Ne kadar klişe olsa da doğruluğuna inandığım, 'kendinizden bir şeyler bulduğunuz filmler/kitaplar gerçekten etkileyici olanlardır' lafını sonuna kadar doğrulayan bu hafif, eğlenceli ancak inceden 'ben olsaydım ne yapardım' dedirten filmimizi oldukça beğendiğimi söylemeliyim.

Paul Giamatti'ye şapka çıkarırken, Rex Pickett'ın romanından yapılan senaryo uyarlamasının da oldukça iyi olduğunu belirtmek isterim. Ne gereksiz uzun sahneler, ne de sığ karakterler mevcut.

Benden 7,5/10 puan.

Cuma, Mart 04, 2005

Strings (2004)

aka İpler

imdb

Bugün (04/03/2005) itibariyle vizyona giren filmimizi, yaklaşık bir hafta kadar önce !f Film Festivali'nde izleme fırsatı bulmuştuk.
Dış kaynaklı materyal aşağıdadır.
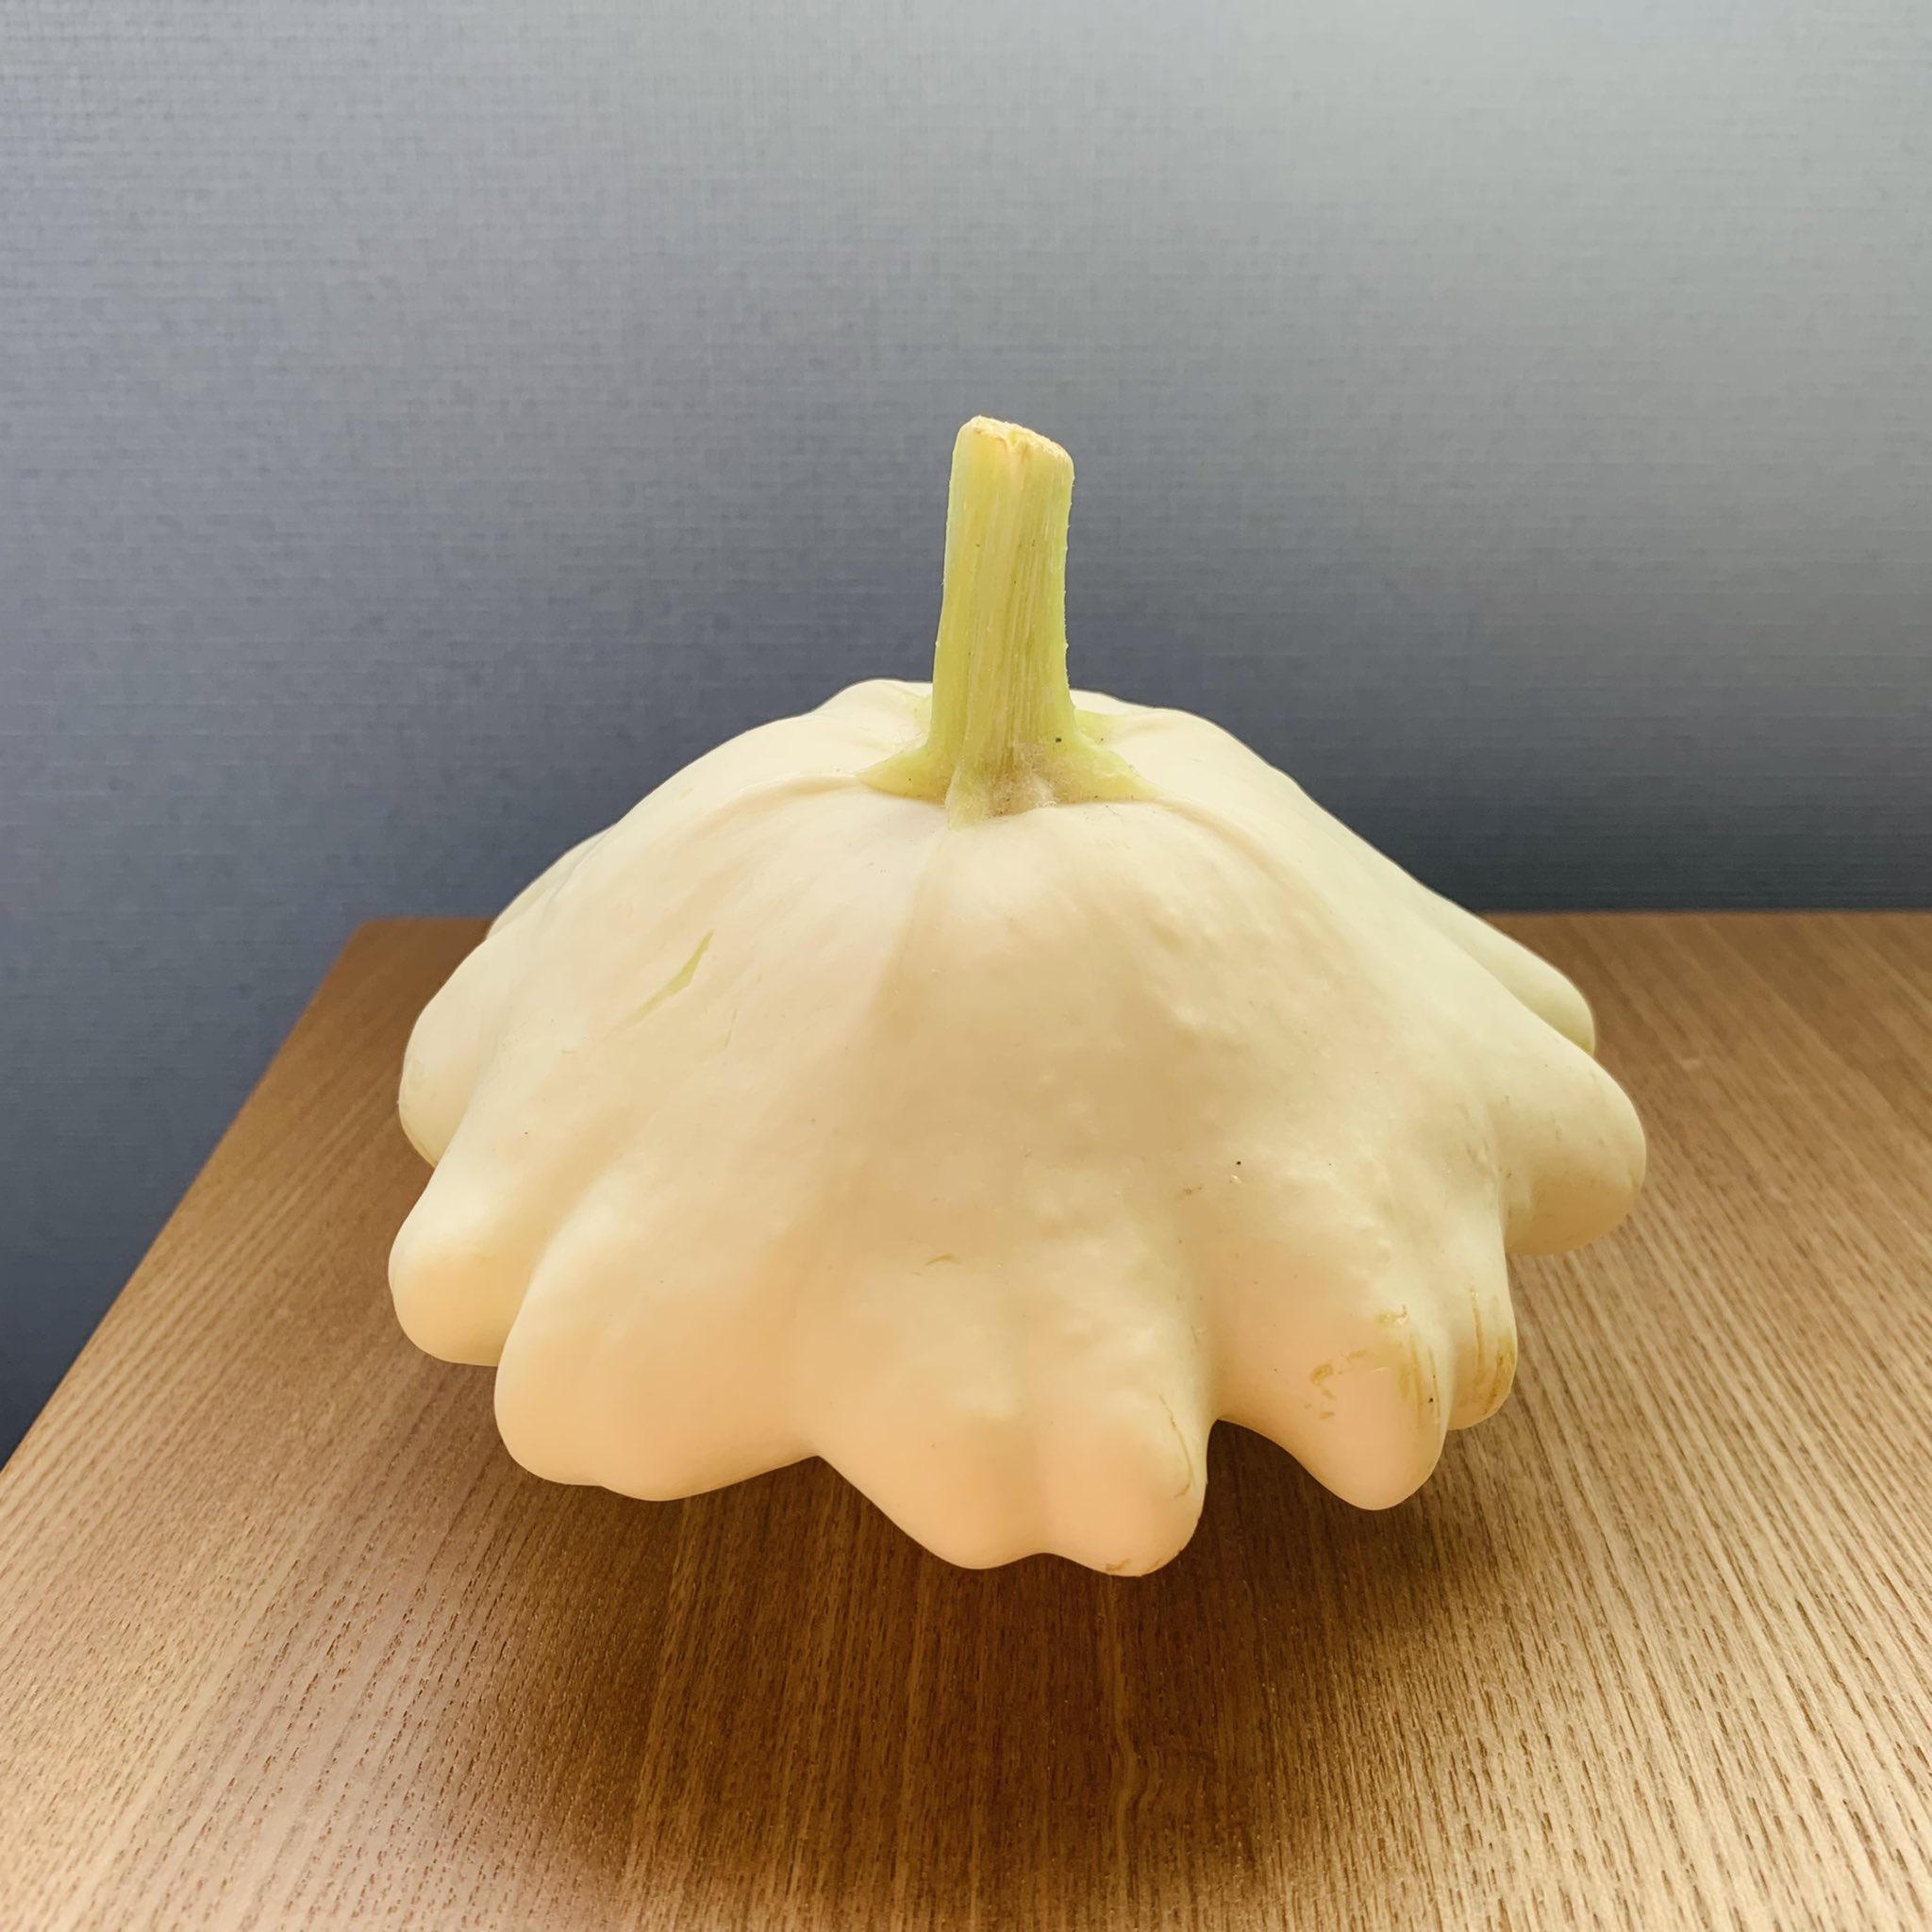 林 摩耶 Maya Hayashi パティソンズッキーニ という名の野菜 別名 Ufoズッキーニ とか ズッキーニはかぼちゃの一種なので パティソンかぼちゃ とも言うらしい 何作ろうかなー T Co 2a4vgwe8w3 Twitter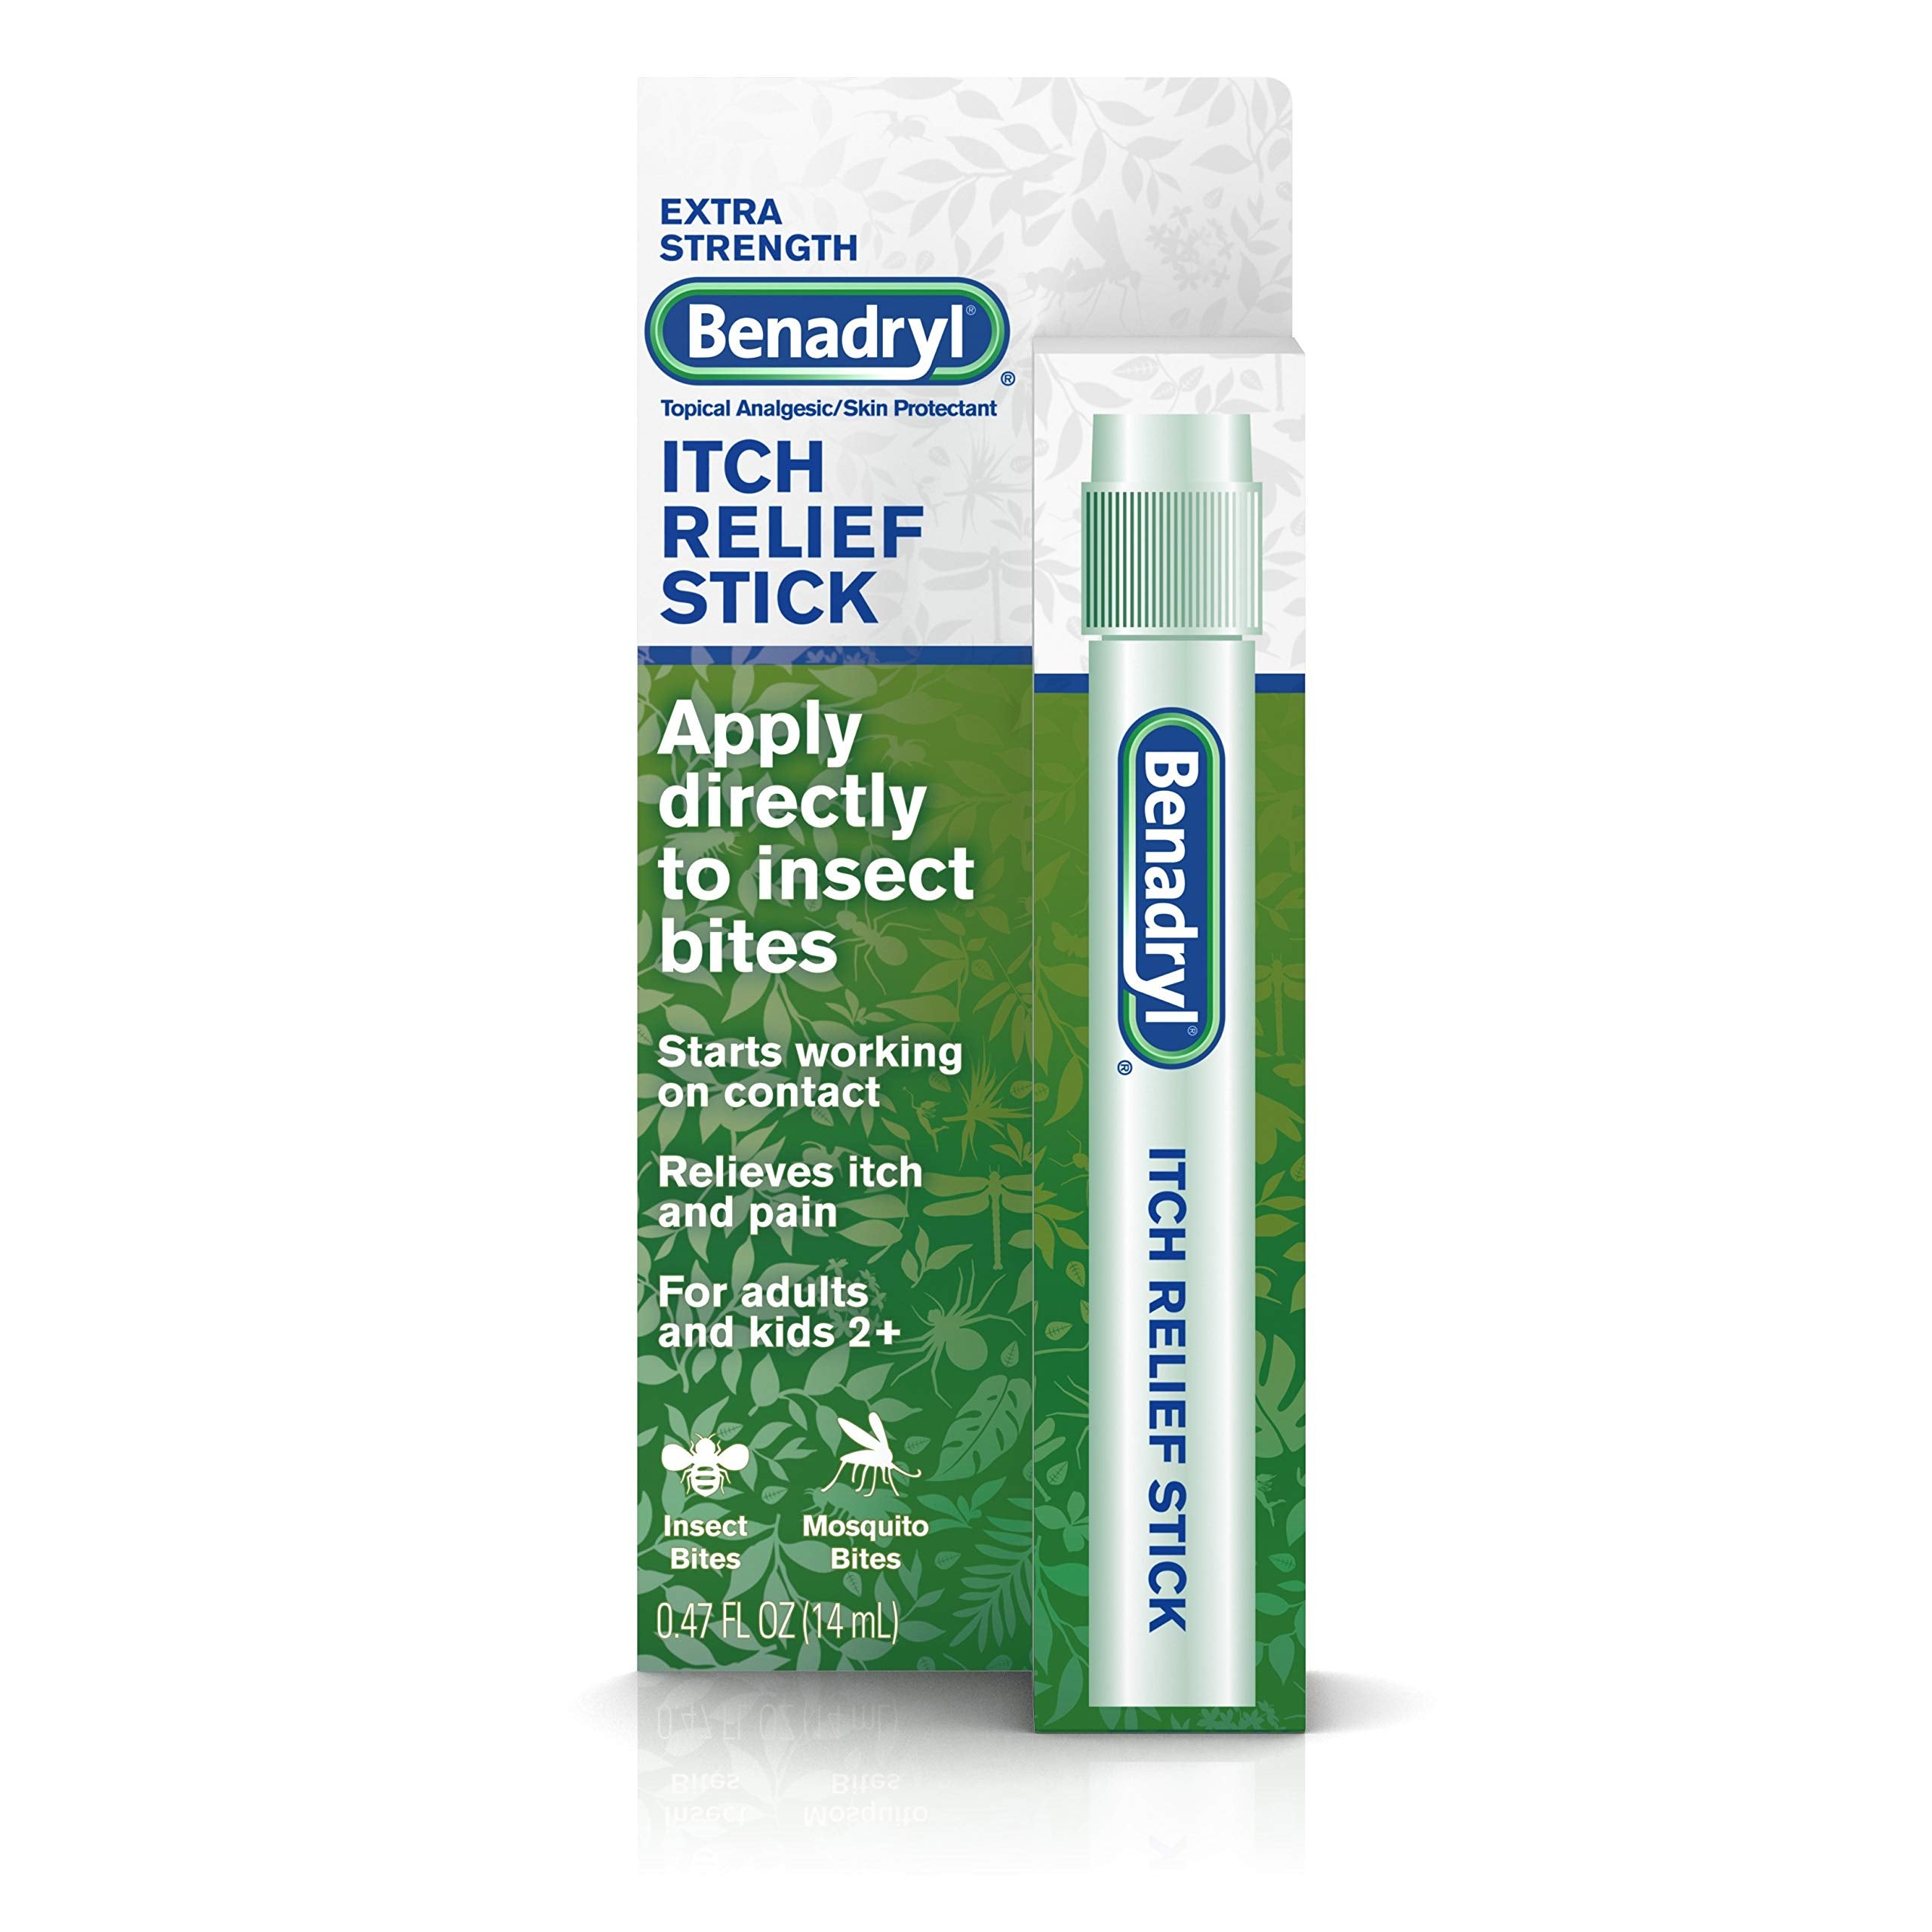 Benadryl Extra Strength Itch Relief Stick, Topical Analgesic, Travel Size.47 fl. oz

Konsept olarak tam olarak ne bekleyeceğimizi bilemeden gittiğimizden belki de bizleri oldukça etkiledi. Şiddetle de büyük/küçük herkese tavsiye edebilirim rahatlıkla. Eminim karakterleri, filmin çok depresif olmayan ancak bir çok şeyi içinde barındıran felsefesini ve özellikle müziklerini oldukça beğeneceksinizdir.

Benden şahsen 8/10 aldı.

Buradan sonra ki kısımda filmin konusu/senaryosundan ama daha da önemlisi felsefesinden biraz bahsedeceğim. Filmi bir sürpriz olarak 'embrace' etmek isteyenlerin kaçınmasını tavsiye ediyorum. Ancak hala ikna olmadıysanız ya da filmi zaten izediyseniz buyrun ikinci kısma.

***

Hafif Hollywood vari bir ortaçağ hikayesini konu alan (savaşan uluslar, kayıp prens, vs.) bir senaryo var belki elimizde ancak gerçekten bu senaryonun işleniş biçimi diğerlerinden olduça farklı.

Zaten ilk kareden itibaren filmin ismine yakışır bir biçimde bir kukla filmi olduğunu görüyoruz. Kısa süre içerisinde, kuklalar, yapıldıkları malzemeleri, yüz hatları, kostümleri, oldukça 'smooth' hareketleri ve müziğin teşvikiyle gerçek birer karaktere dönüşüyorlar.

Bunları görüp beğendikten sonra, bizi asıl çarpan tüm bu kukla konseptinin, kuklalar için de varolması. Bu ne demek şimdi?

Söylemek istediğim, kuklalarda farkındalar, iplerle gökyüzünden sallandıklarından, ya da bir kılıçla öncelikle birbirlerinin 'headstring' ine, yani kafayı taşıyan ipe, saldırıyorlar. Çünkü bu o kuklanın direkt ölümüne neden oluyor.

Kuklaların, kuklalıklarını bilmeleri, filmin tüm yapısını, çehresini, dinamiğini muazzam ölçüde değiştiriyor. Bir çok alışagelmiş temayı (bilinçli) kuklaların gözüyle görmek olaylara başka bir perspektiften bakabilmeyi, bazı olayları sadeleştirmeyi bazılarını ise tahmin edilmeyecek boyutlarda komplikeleştirmeyi başarıyor.

Daha fazla detaya girmeyeyim. Umarım beğenirsiniz.